As information on the performance of last year’s public accounts emerges, the Popular Party government’s unsound management of the financial and economic crisis is growing increasingly obvious. Public debt, one of the variables that define a country’s financial stability, grew by no less than 14 percentage points of GDP during 2012 and reached the figure of 882 billion euros, probably raising the level of public indebtedness to 84 percent of GDP. Cutbacks in public spending, all of them unpopular and many that cause harm to the country’s future, have not served to fulfill the promises of debt reduction, and probably neither that of the deficit, designated as dramatic priorities by Prime Minister Mariano Rajoy, Finance Minister Cristóbal Montoro and Economy Minister Luis de Guindos.

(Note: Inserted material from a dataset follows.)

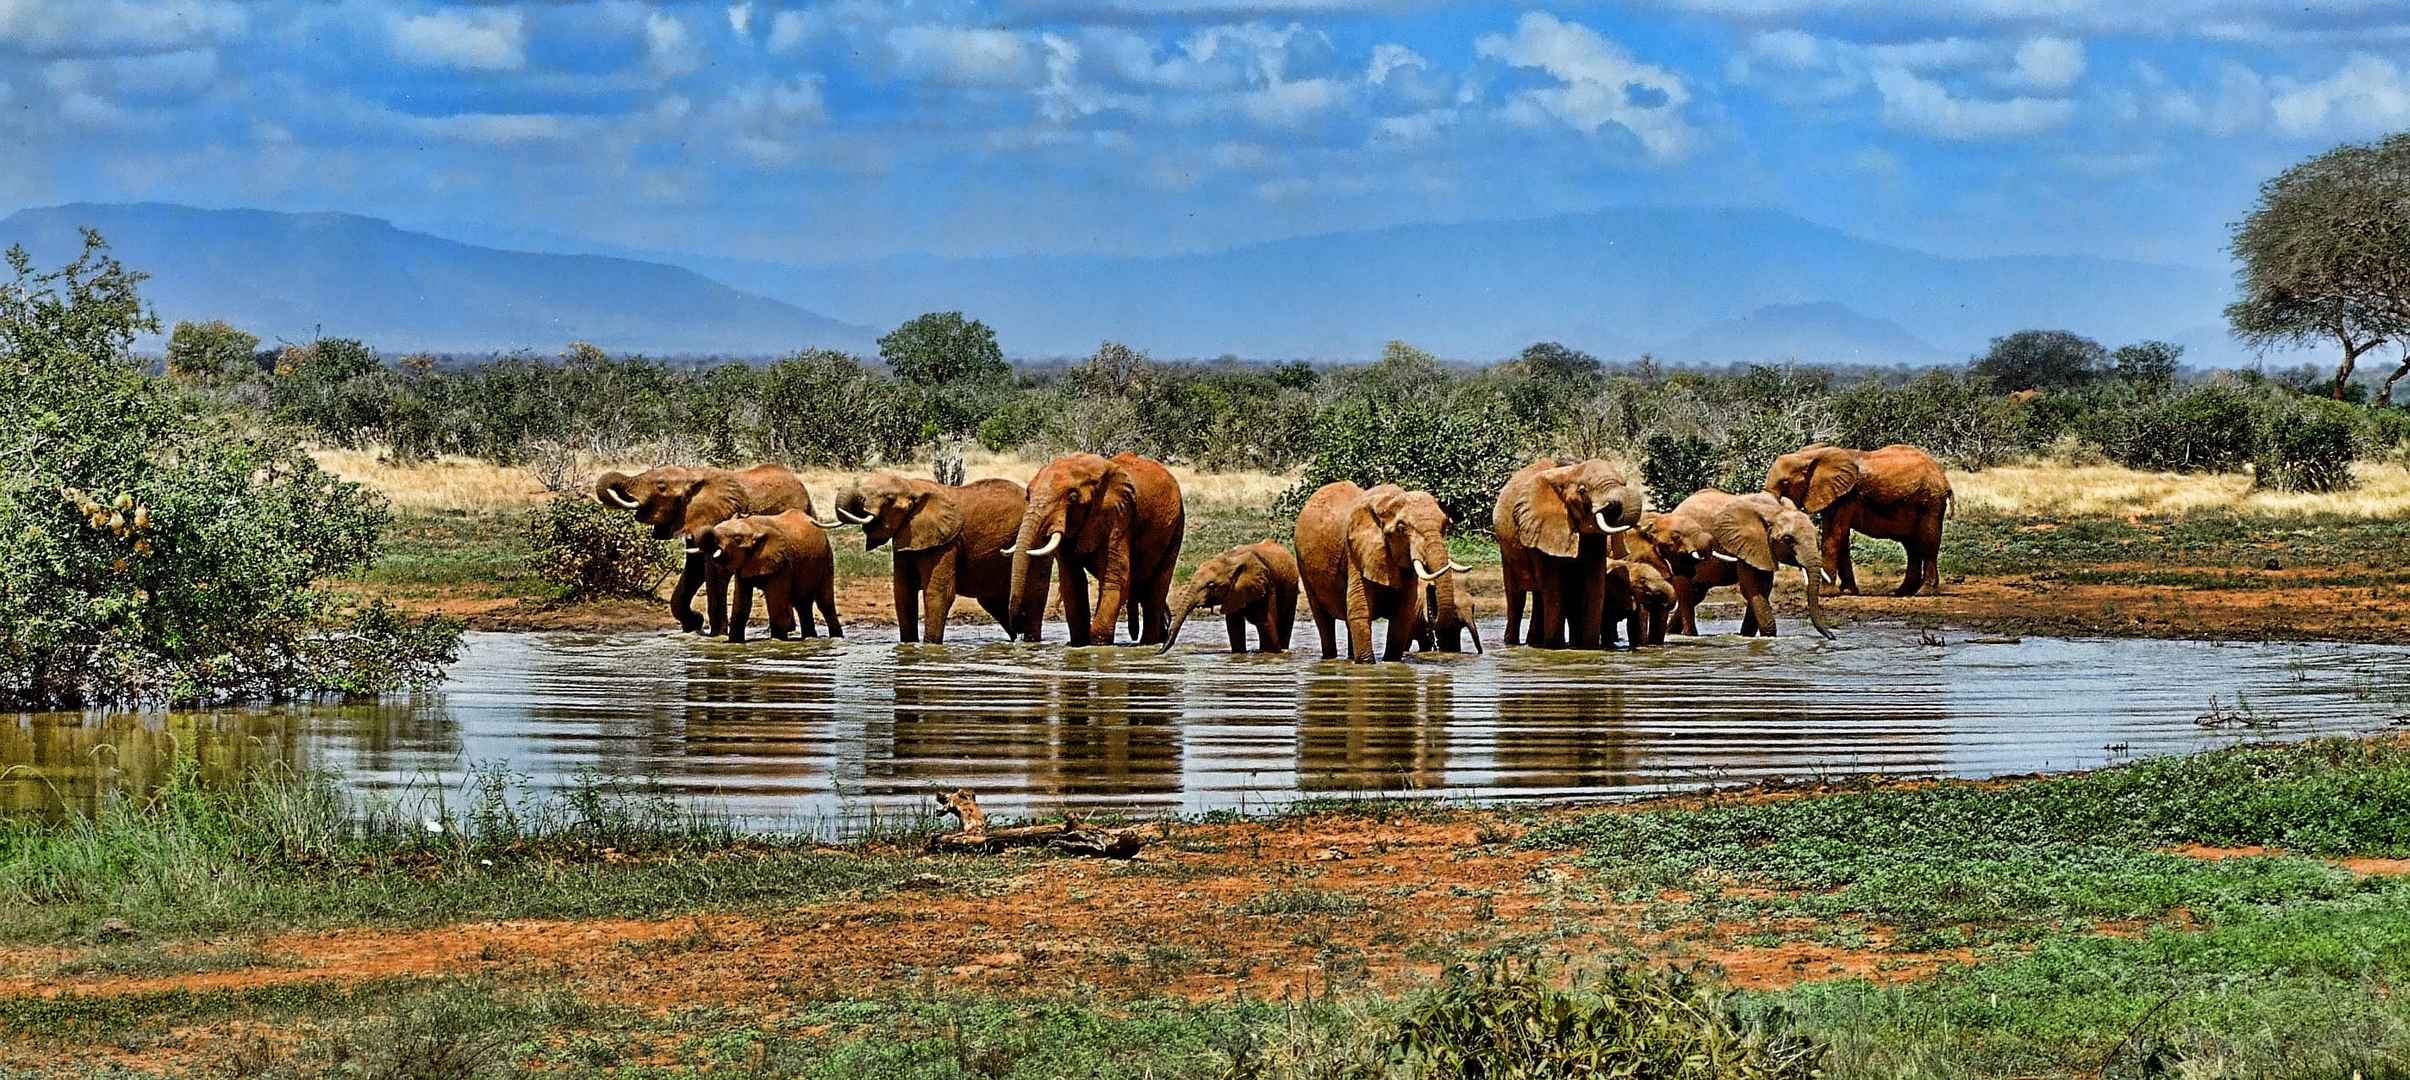 非洲草原大象群壁纸

Viewed in objective terms, Spain in 2012 moved further away from the objectives of stability, whose fulfillment was supposed to foster “green sprouts” in the middle term.

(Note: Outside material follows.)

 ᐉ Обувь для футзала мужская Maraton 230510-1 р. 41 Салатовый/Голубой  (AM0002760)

The initial mistake is that the first problem of Spanish debt is not public but private debt, which is three times higher than that of the Treasury. However, the evolution of public debt in particular highlights the strengths and weaknesses of the government’s economic policy. Such a significant jump in debt indicates that the Spanish economy is going to be far removed from even coming close to its deficit-reduction target for the year of 6.3 percent of GDP, and suggests that some sort of transference may be taking place from private debt to public.

For the moment, the bank recapitalization (40 billion euros) is accepted as being public debt, a circumstance that belies its classification as a “loan in extremely favorable conditions,” in the words of De Guindos. The other factor in the blowout in public debt is the plan for the phased payment to suppliers to the public sector decreed by the government, on the grounds that it shored up the solvency of the numerous companies concerned, and favored growth. These were, indeed, the beneficial effects. But the costs, which also need to be considered, have now emerged in all their harshness.

The consequences of this disproportion between objectives and achievements are very dangerous for the Spanish economy. At any time the markets may take notice of the fact that the Spanish public has been paying a huge price for the cutbacks in investment, education and public healthcare, while the results of this austerity have been very limited. In some cases, they have even been counterproductive. Because so far the government has shown no aptitude at all for applying cutbacks according to selective criteria in order to produce the desired effect of reducing the deficit, while at the same time minimizing the adverse effects on growth — its cutbacks have been indiscriminate and harmful.

With public debt standing at nearly 90 percent of GDP, an economy such as that of Spain is going to encounter great difficulties in coping with the problems of financing it. We can only hope that Montoro and De Guindos will explain just what decisions they plan to take to prevent Spanish public debt from rising to a critical level.